If one or two police officers are posted, they have to keep a watch on all visitors to the embassy and on other people in the neighbourhood, to detect any potential trouble maker and, if possible, to prevent any undesirable conduct or demonstration. Embassies, of course, have many visitors, the vast majority of whom are going about perfectly legitimate business with the Embassy or making normal social calls, but there is always the possibility, which has to be foreseen, that among those peaceful and law-abiding visitors there may be someone with a grievance, an agitator, or merely a crank, whose purpose might be questionable.

The police, as in many other delicate tasks which they have to perform, must have freedom to act as the situation requires. As I say, the Commissioner of Police for the Metropolis has issued no standing instructions as to the taking of names and addresses, nor has he attempted to prescribe in advance the action to be taken in particular circumstances; and the circumstances vary so much that it would not be feasible to lay down standing instructions.

This practice in the Metropolitan Police District of asking for names and addresses, which has, as I say, prevailed for many years, has prevailed particularly with regard to the attendance at embassies of deputations to present petitions or for other purposes. It is a reasonable safeguard, because sometimes the embassies do not know that these deputations are coming. They wonder whether or not they should let them in, and sometimes, if the names and addresses have been taken, the police can even facilitate the entry of a deputation to an embassy—

Mr. Brockway

But these were taken after we went.

Mr. Renton

These were taken afterwards, I quite agree. In the case of the deputation from the Aldermaston marchers to the Soviet Embassy, there was a departure from the normal practice in that the names and addresses were not sought until after the deputation had left the embassy. But there was nothing sinister in this. It was simply due to the fact that, when the deputation arrived, the police officer on the spot thought that it was inopportune for him to make his inquiries at that stage. He may have been right or wrong. He used his judgment in that way and he had an absolute right to exercise his discretion about when he would check names and addresses.

Sometimes, as I am sure the hon. Gentleman will appreciate, it can be very helpful to the police and to the embassy to have the names and addresses of people as they leave. It could happen—I do not say that this could possibly have arisen in the case of the deputation which the hon. Gentleman accompanied—that people whose names and addresses had not been taken beforehand had got into the embassy perhaps not even noticed by the police and not expected by the embassy people. The embassy people would then complain to our own authorities, and would have a right to complain, if the deputation had created a disturbance inside.
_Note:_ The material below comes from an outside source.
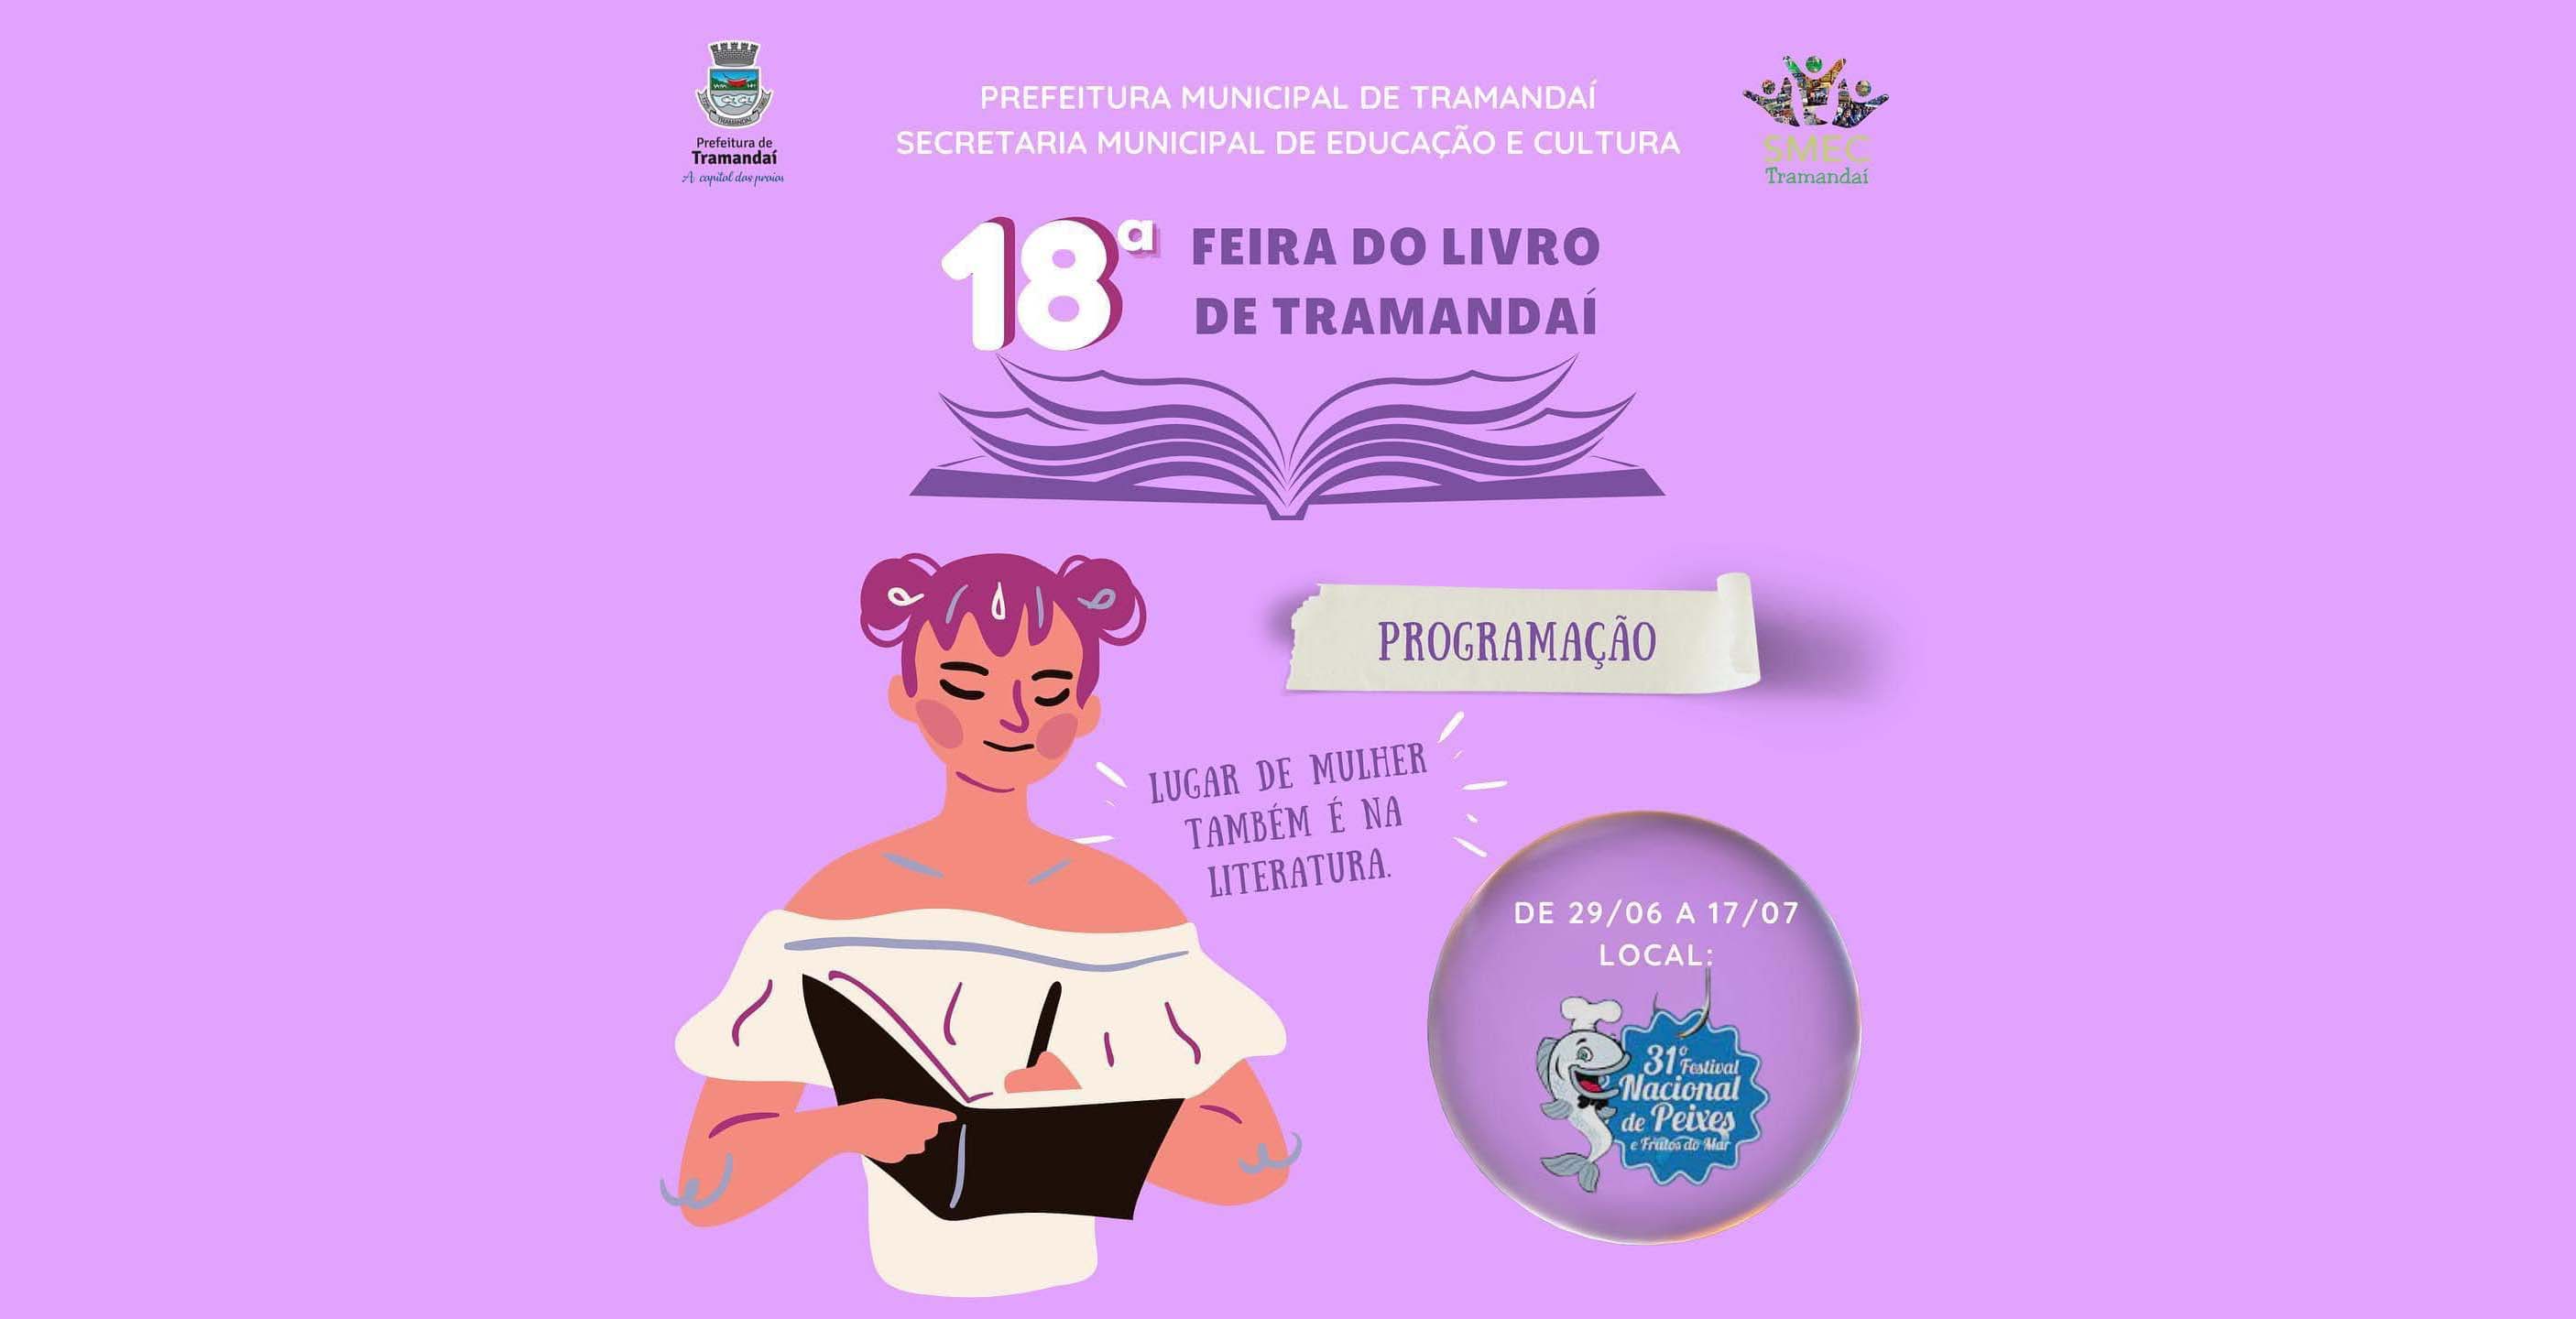 Confira a programação completa da 18ª Feira do Livro de Tramandaí!

Although the circumstances are very exceptional in which the police ask for names and addresses as people are leaving an embassy, nevertheless it is justifiable in certain circumstances and can be very helpful as a protection to the embassy. I want to make it clear, however, and to emphasise, that there is no question whatever of the procedure which I have described being peculiar to the Russian Embassy or peculiar to embassies on the other side of the Iron Curtain. Similar measures would be taken at, for example, the United States, the French or any other embassy if the circumstances should so require.

Mr. Brockway

But they were not taken.

Mr. Renton

How does the hon. Gentleman know about that?

Mr. Brockway

There was a deputation of an exactly similar kind to the American Embassy and the police did not ask the members of that deputation to give their names and addresses.

Mr. Renton

That may well mean either that there had been no recent incidents at the United States Embassy and no reason to have a police officer posted, or it may be—I do not know whether it is so or not—that there was a police officer posted there, or several, and that in the exercise of their discretion which I mentioned earlier the police did not consider it necessary to take the names of the Aldermaston marchers' deputation. For all I know, the police may even have been warned by the embassy officials.

This is essentially a matter for the police in the exercise of their discretion. The Home Secretary is determined that our duty to give proper protection to representatives of other countries shall be properly discharged, and the arrangements which the Commissioner of Police makes for that purpose have his general approval. As I say, there are no standing instructions attempting to guide individual police officers as to what they shall do in this circumstance or that, but the general arrangements as to the posting of police officers, to be there should the need arise for the embassy to be protected, have my right hon. Friend's general approval. There is nothing in the incident to which the hon. Gentleman referred to alter my right hon. Friend's view that it would be undesirable to lay down general rules on this subject.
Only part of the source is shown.